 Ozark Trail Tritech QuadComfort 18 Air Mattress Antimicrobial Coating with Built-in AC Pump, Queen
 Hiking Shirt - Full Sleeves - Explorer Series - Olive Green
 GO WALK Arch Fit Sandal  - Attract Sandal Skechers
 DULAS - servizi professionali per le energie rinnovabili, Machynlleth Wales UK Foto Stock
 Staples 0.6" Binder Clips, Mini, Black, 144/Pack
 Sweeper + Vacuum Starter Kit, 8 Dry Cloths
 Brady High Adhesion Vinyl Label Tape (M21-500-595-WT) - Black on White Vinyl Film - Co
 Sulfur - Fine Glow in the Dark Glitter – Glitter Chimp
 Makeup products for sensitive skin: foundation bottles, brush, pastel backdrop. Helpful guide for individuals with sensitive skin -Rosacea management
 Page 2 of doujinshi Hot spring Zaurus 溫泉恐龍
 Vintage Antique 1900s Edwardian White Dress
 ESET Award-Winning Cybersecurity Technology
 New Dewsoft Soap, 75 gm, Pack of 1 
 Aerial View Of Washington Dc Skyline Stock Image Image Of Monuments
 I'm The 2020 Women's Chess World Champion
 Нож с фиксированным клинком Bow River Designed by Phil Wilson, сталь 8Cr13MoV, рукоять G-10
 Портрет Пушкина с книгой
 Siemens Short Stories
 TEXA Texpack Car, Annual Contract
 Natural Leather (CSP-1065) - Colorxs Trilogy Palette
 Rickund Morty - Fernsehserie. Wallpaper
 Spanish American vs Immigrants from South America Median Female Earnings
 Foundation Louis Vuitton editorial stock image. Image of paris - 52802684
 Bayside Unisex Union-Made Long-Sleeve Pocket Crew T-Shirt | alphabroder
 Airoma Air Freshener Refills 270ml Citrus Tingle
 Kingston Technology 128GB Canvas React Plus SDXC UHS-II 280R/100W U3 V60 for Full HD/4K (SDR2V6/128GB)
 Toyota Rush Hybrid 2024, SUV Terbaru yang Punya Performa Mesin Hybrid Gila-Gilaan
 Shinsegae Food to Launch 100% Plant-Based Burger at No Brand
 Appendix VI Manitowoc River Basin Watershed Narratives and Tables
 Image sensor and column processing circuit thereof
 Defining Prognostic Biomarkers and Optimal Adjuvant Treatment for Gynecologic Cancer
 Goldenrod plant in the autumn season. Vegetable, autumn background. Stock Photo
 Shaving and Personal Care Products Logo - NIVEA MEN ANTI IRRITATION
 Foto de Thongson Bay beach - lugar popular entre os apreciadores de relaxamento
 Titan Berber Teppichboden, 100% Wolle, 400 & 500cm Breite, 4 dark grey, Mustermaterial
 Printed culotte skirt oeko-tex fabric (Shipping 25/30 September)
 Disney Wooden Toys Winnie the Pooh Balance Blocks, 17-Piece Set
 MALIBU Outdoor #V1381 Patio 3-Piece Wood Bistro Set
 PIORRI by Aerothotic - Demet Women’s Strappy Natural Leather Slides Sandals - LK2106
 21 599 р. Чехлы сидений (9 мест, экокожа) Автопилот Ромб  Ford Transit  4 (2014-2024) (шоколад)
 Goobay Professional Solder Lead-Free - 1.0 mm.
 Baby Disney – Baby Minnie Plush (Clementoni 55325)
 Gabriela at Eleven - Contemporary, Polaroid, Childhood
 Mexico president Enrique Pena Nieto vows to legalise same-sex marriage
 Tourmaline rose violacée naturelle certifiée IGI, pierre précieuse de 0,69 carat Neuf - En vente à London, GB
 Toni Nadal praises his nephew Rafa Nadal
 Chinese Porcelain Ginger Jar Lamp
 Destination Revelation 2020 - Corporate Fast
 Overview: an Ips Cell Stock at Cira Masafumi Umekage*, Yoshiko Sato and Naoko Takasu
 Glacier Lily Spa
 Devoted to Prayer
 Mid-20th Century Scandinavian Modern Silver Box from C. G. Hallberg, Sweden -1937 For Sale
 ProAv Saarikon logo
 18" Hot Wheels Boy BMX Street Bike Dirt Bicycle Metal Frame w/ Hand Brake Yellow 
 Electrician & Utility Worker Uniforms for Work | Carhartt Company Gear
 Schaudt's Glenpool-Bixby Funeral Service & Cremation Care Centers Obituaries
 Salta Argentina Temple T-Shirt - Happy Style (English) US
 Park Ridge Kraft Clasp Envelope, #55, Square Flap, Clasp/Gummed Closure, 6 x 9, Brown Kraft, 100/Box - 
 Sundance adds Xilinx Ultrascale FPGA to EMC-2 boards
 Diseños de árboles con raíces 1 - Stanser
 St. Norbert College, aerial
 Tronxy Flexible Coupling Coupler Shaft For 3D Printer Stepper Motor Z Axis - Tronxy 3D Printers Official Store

- [Task details]
List each line of the entries that holds the string "Shirt".

- [Completed task]
 Hiking Shirt - Full Sleeves - Explorer Series - Olive Green
 Bayside Unisex Union-Made Long-Sleeve Pocket Crew T-Shirt | alphabroder
 Salta Argentina Temple T-Shirt - Happy Style (English) US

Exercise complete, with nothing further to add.